Apakah pelaksanaan APBD 2008 juga akan lebih cepat? Apakah itu sudah menjawab berbagai persoalan mendasar pembangunan di NTT? Pertanyaan-pertanyaan itu muncul, setelah penetapan APBD dan penyerahan DIPA. Dan, itu wajar. Bukannya pesimistis, namun mestinya dilihat sebagai pelecut dan memberi semangat agar segera memulai langkah pelaksanaan kegiatan yang telah diprogramkan dalam melaksanakan tugas pemerintah dalam pelayanan publik dan pembangunan.

Faktor ketepatan waktu sangat mutlak agar tidak ada alasan bagi siapa saja untuk tidak menjalankan program pembangunan yang sudah direncanakan dengan baik dan matang. Tidak ada lagi alasan kegiatan tidak terlaksana karena anggaran belum turun. Anggaran yang sudah ditetapkan itu segera diserap sesuai dengan peruntukannya dari awal sehingga pemanfaatan yang ngebut di akhir tahun tidak terulang. Situasi itu perlu diperbaiki. Kepada seluruh pengguna dan pengelola anggaran diminta agar tidak menunda dan menunggu pelaksanaan anggaran hingga bulan-bulan terakhir setiap tahun.

Selain penetapan lebih awal, tahun ini juga ada perubahan mekanisme anggaran. Nomenklatur dan mekanisme penyaluran anggaran ke daerah diubah. Yakni, dari belanja ke daerah menjadi transfer ke daerah dengan mekanisme penyaluran menggunakan sistem transfer dari rekening kas umum negara ke rekening kas umum daerah.

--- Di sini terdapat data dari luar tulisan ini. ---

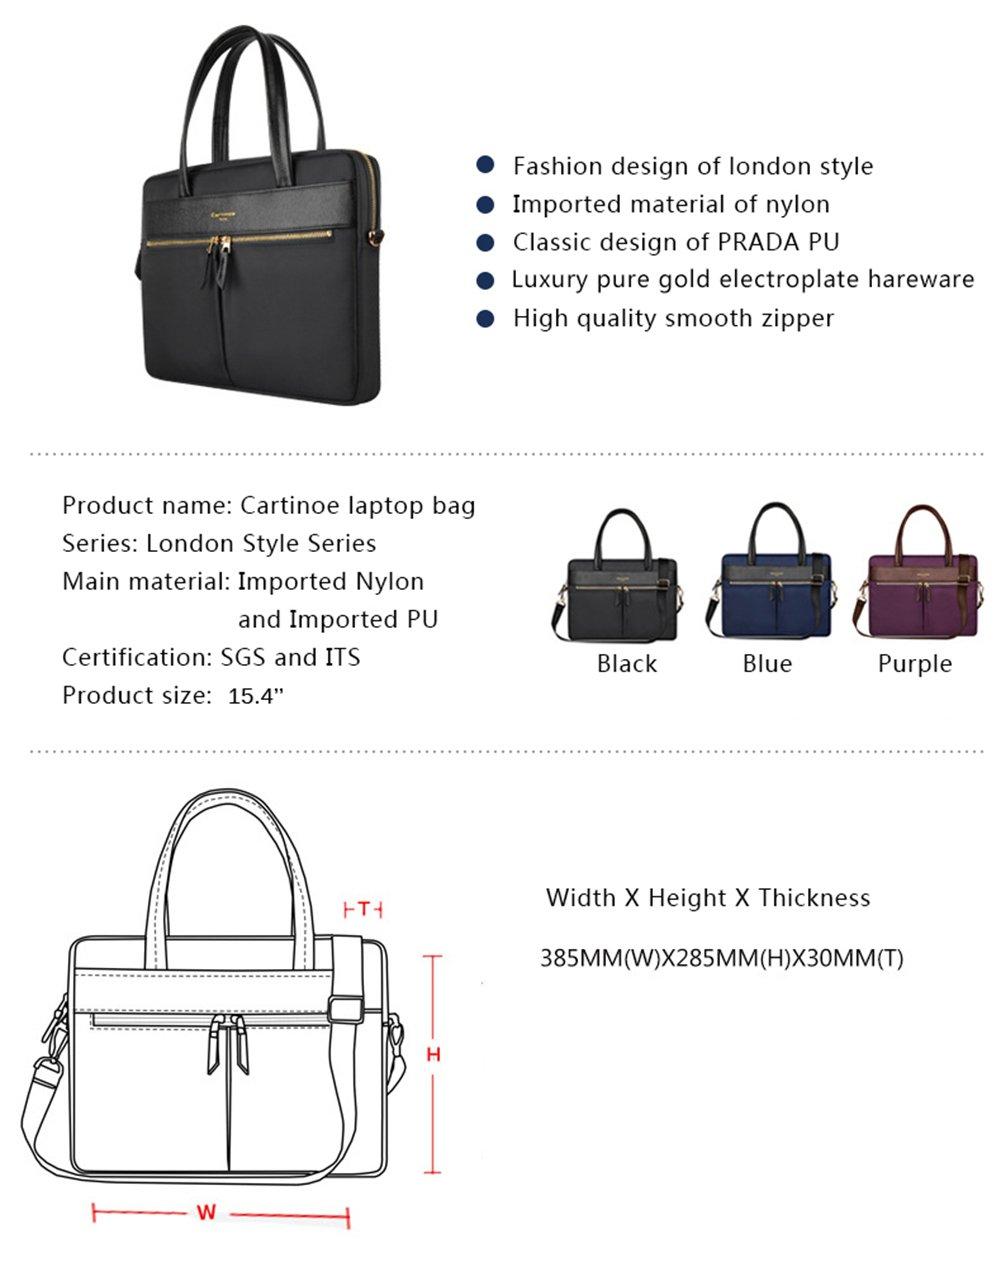 59ebed8b28aa Amazon.com: yiyinoe Luxury Ultrathin Laptop Bag for 14 15 inch MacBook  Ultrabook,Special Business Briefcase for Women,Sleek Fabric,Metallic  Zipper,Black: ...

"Pemberian dana kepada daerah akan dilakukan melalui proses transfer ke rekening masingmasing daerah. Artinya, daerah tidak perlu lagi melakukan proses pencairan anggaran ke Kantor Pelayanan Perbendaharaan Negara (KPPN) seperti yang terjadi selama ini. Kebijakan yang diambil pemerintah ini untuk mempermudah dan memperlancar pembayaran kepada daerah," kata Kepala Kanwil XXII Direktorat Jenderal Perbendaharaan Kupang, Drs. Teddy Rukmana, M.Sos. Sc, pada acara penyerahan DIPA di Aula El Tari, 4 Januari 2008 lalu.

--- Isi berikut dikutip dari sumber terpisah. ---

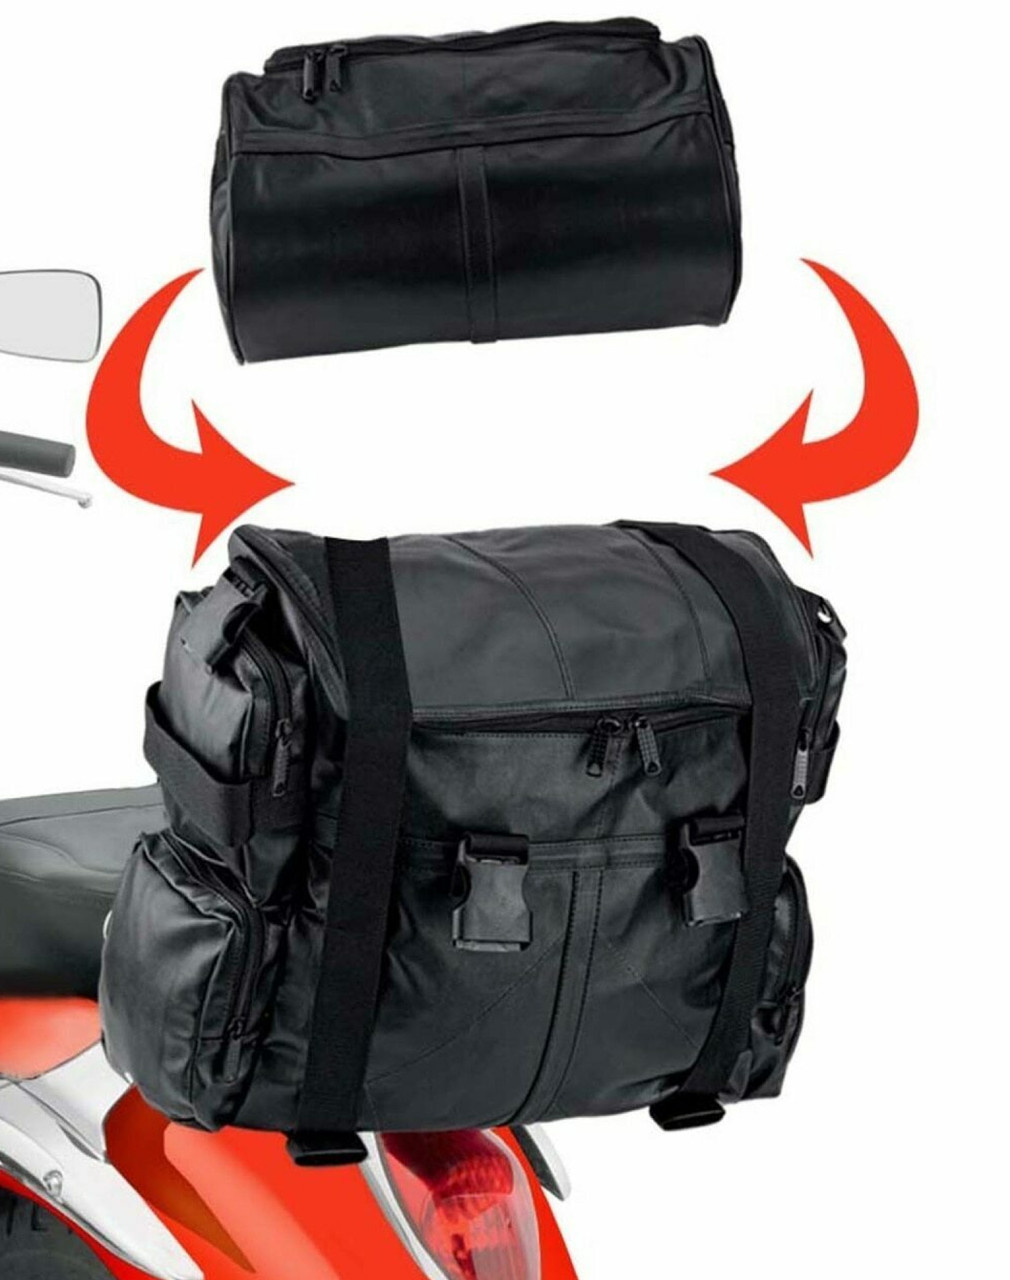 Honda Viking Aero Medium Expandable Motorcycle Sissy Bar Bag Roll Bag

Itu artinya, kepala daerah tidak perlu lagi mengajukan permintaan dari daerah ke pusat. Cukup cek rekening, apakah dananya sudah masuk rekening atau belum. Adapun semangat dari perubahan mekanisme itu, untuk mencegah para kepala daerah terlalu sering berada di Jakarta dengan alasan mengurus pencairan anggaran.

Untuk masalah ini, para pejabat di NTT paling jago. Kita sering mendengar bahkan mengetahui kepala daerah atau pejabat lainnya bepergian berhari-hari di Jakarta untuk urusan rapat dan sebagainya. Seminggu bisa dua tiga kali melakukan perjalanan dinas. Padahal hasil dari perjalanan itu masih patut dipertanyakan.

Perubahan mekanisme anggaran ini diharapkan juga diikuti dengan upaya konkret untuk mewujudkan transparansi dan akuntabilitas pengelolaan keuangan. Tentunya dilakukan oleh kepala satuan kerja selaku kuasa pengguna anggaran yang memiliki kewajiban untuk melaporkan pelaksanaan kegiatan secara sistematis dan terstruktur pada suatu periode pelaporan dalam pelaksanaan APBN atau APBD. Kepala Biro Penyusunan Program Setda NTT, Ir. Andre W Koreh mengungkapkan, ada keengganan pejabat untuk ditunjuk sebagai pejabat pengelola anggaran setelah gencarnya langkah-langkah pemberantasan korupsi. Mereka takut salah dan khawatir sewaktu-waktu diperiksa. Bukan saja oleh aparat pengawasan, tetapi juga oleh aparat penegak hukum.

Semestinya kekhawatiran seperti itu tidak perlu ada, apalagi berlebihan jika dapat memenuhi segala aturan, mekanisme dan prosedur. Lebih dari itu, aparatur pengawas dan penegak hukum agar bersikap objektif, tidak gegabah dalam menindaklanjuti laporan masyarakat, apalagi kalau barus sebatas rumor dan surat kaleng. Semua langkah pengawasan dan tindakan hukum wajib dilakukan sesuai ketentuan yang berlaku. Pelaksanaannya wajib pula dilakukan dengan hati-hati dan terkoordinasi serta tetap menghormati asas praduga tak bersalah, dan menjunjung tinggi hak asasi manusia.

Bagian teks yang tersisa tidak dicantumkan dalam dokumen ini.